Jiu-jitsu pioneer, Johan Danaher discusses what he considers to be the three major weaknesses of the sport.

John Danaher Has 3 Things He Wants To Change About Jiu-Jitsu

Legendary Jiu-Jitsu practitioner and coach, John Danaher has revealed what he considers to be the three key weaknesses of jiu-jitsu, and what he wishes to do to change them.

Danaher recently featured as a guest on Joe Rogan’s JRE podcast. Rogan himself is an avid practitioner and advocate of jiu-jitsu, so unsurprisingly the topic of conversation rapidly became centred around the sport.

Jiu-Jitsu’s Three Deficiencies

Danaher began to discuss jiu-jitsu as a whole and revealed that he believed the sport has, or had, three glaring weaknesses. He stated that:

“I’ve always said, jiu-jitsu is one of the greatest products I’ve ever seen in my life. I wouldn’t have invested 30 years of my life into jiu-jitsu if I didn’t believe that with all my heart and all my soul. But like any great product, it has its deficiencies. Jiu-Jitsu always had three major deficiencies. Leg locks, takedowns and thirdly the on that no one talks about, the ability to impose top position once it’s gained.”

Danaher went on to state that he has focused much of his career on singling out these weaknesses, or deficiencies as he puts it, and taking steps to counter them.

“A huge part of my career has been the recognition and the attempt to change these three great faults in jiu-jitsu. As much as I love jiu-jitsu, we need to take a step back and take an honest look at it. It’s got these three deeply entwined faults within it.”

Leg Locks

One of Danaher’s most notable changes to the sport of jiu-jitsu is his almost revolutionary introduction of the leg lock game. It has become a staple of the Danahar Death Squad and has led to many a world championship title. He stated that:

“Leg locks was the most obvious one. In a game which was supposedly all about controlling into submission, there was an arbitrary rule that 50% of the body couldn’t be attacked. It was lunacy. And for the last 10 years I believe that it’s fair to say that we’ve reached a point where that is no longer the case, that is a great weakness within jiu-jitsu. The younger generation of jiu-jitsu, I would match them against any grappling art in the world on leg locks. With no fear whatsoever.”

The 2 Remaining Weaknesses

Whilst Danaher is happy with his work solving the leg lock issue in jiu-jitsu, he maintains that there are still two major flaws in the sport that must be dealt with.
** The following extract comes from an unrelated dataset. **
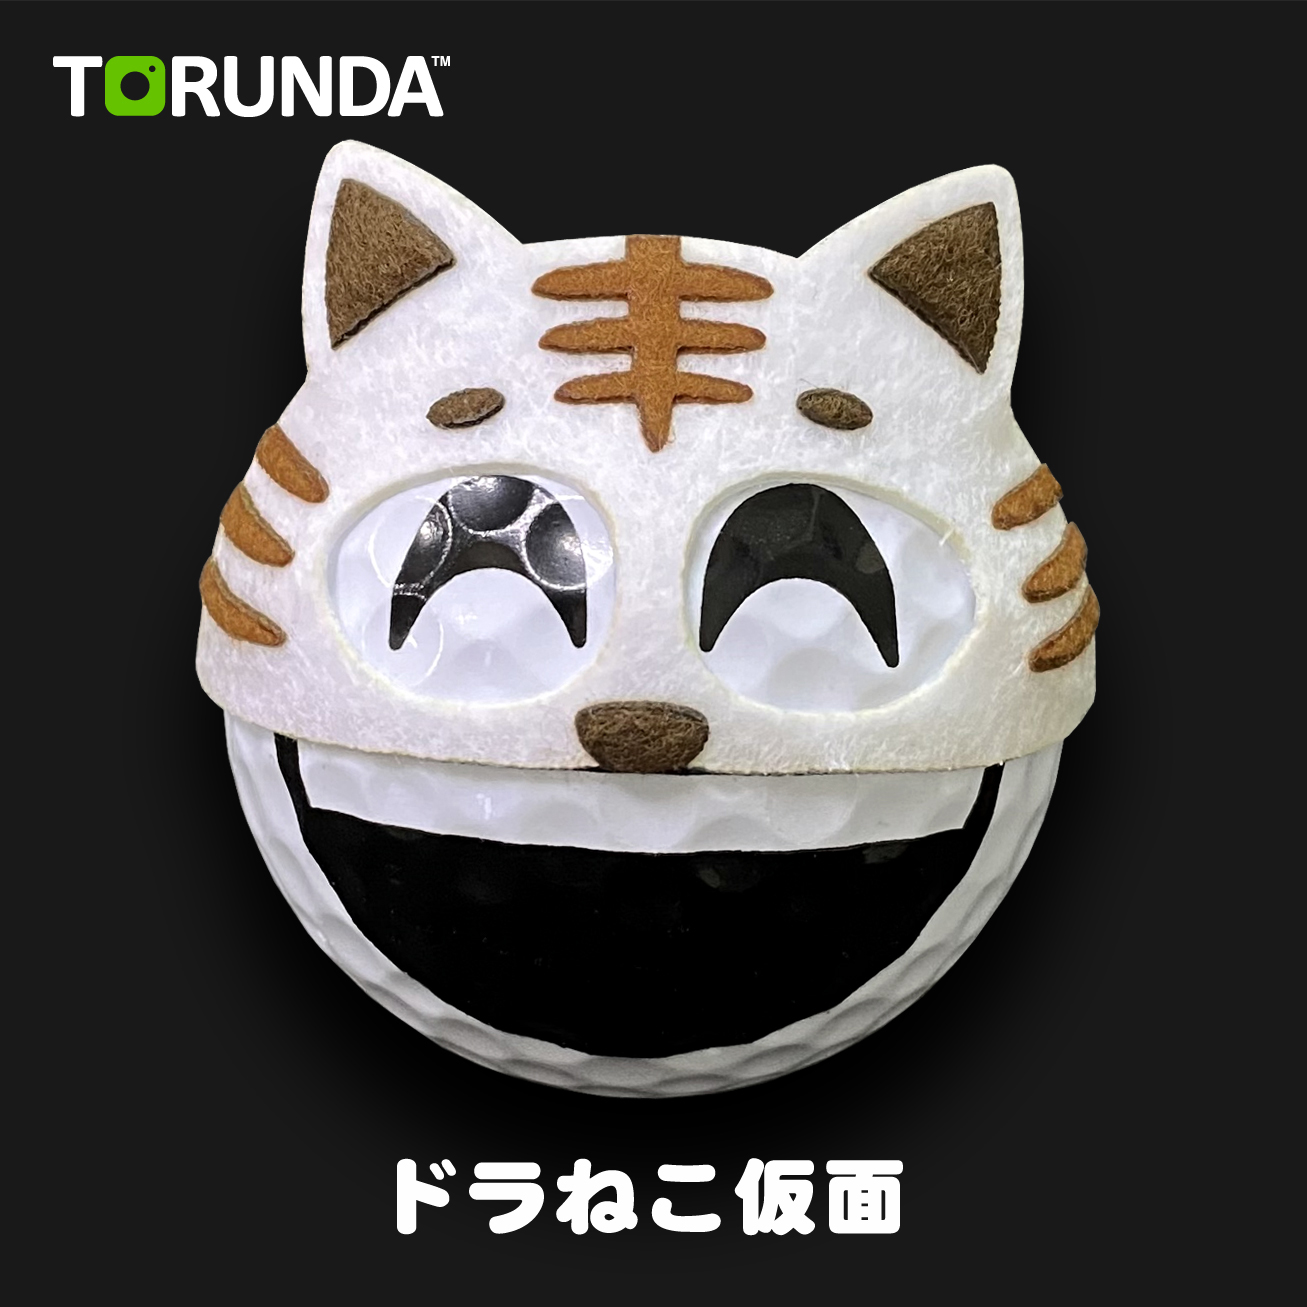 TORUNDA 撮るんだ かわいい 可愛い ゴルフボール用 ドラねこ仮面

He stated that:

“Jiu-jitsu has to do something about the crisis which is starting to emerge around takedowns and the ability to impose top position. What you see among jiu-jitsu athletes now who go into mixed martial arts is they just have to turn to other arts. They have to learn wrestling. And there’s nothing wrong with that. But the truth is jiu-jitsu has become a relative smaller and smaller component of mixed martial arts. Rather than what it was when it first started which is a dominant force in mixed martial arts. Now for most of the athletes, jiu-jitsu is something you learn to stay out of some pesky submission holds. It’s not the be all and focus for most of the athles in mixed martial arts.”

“I think we have done a great job of over coming one out of three great problems in jiu-jitsu. But there’s still two more to go.”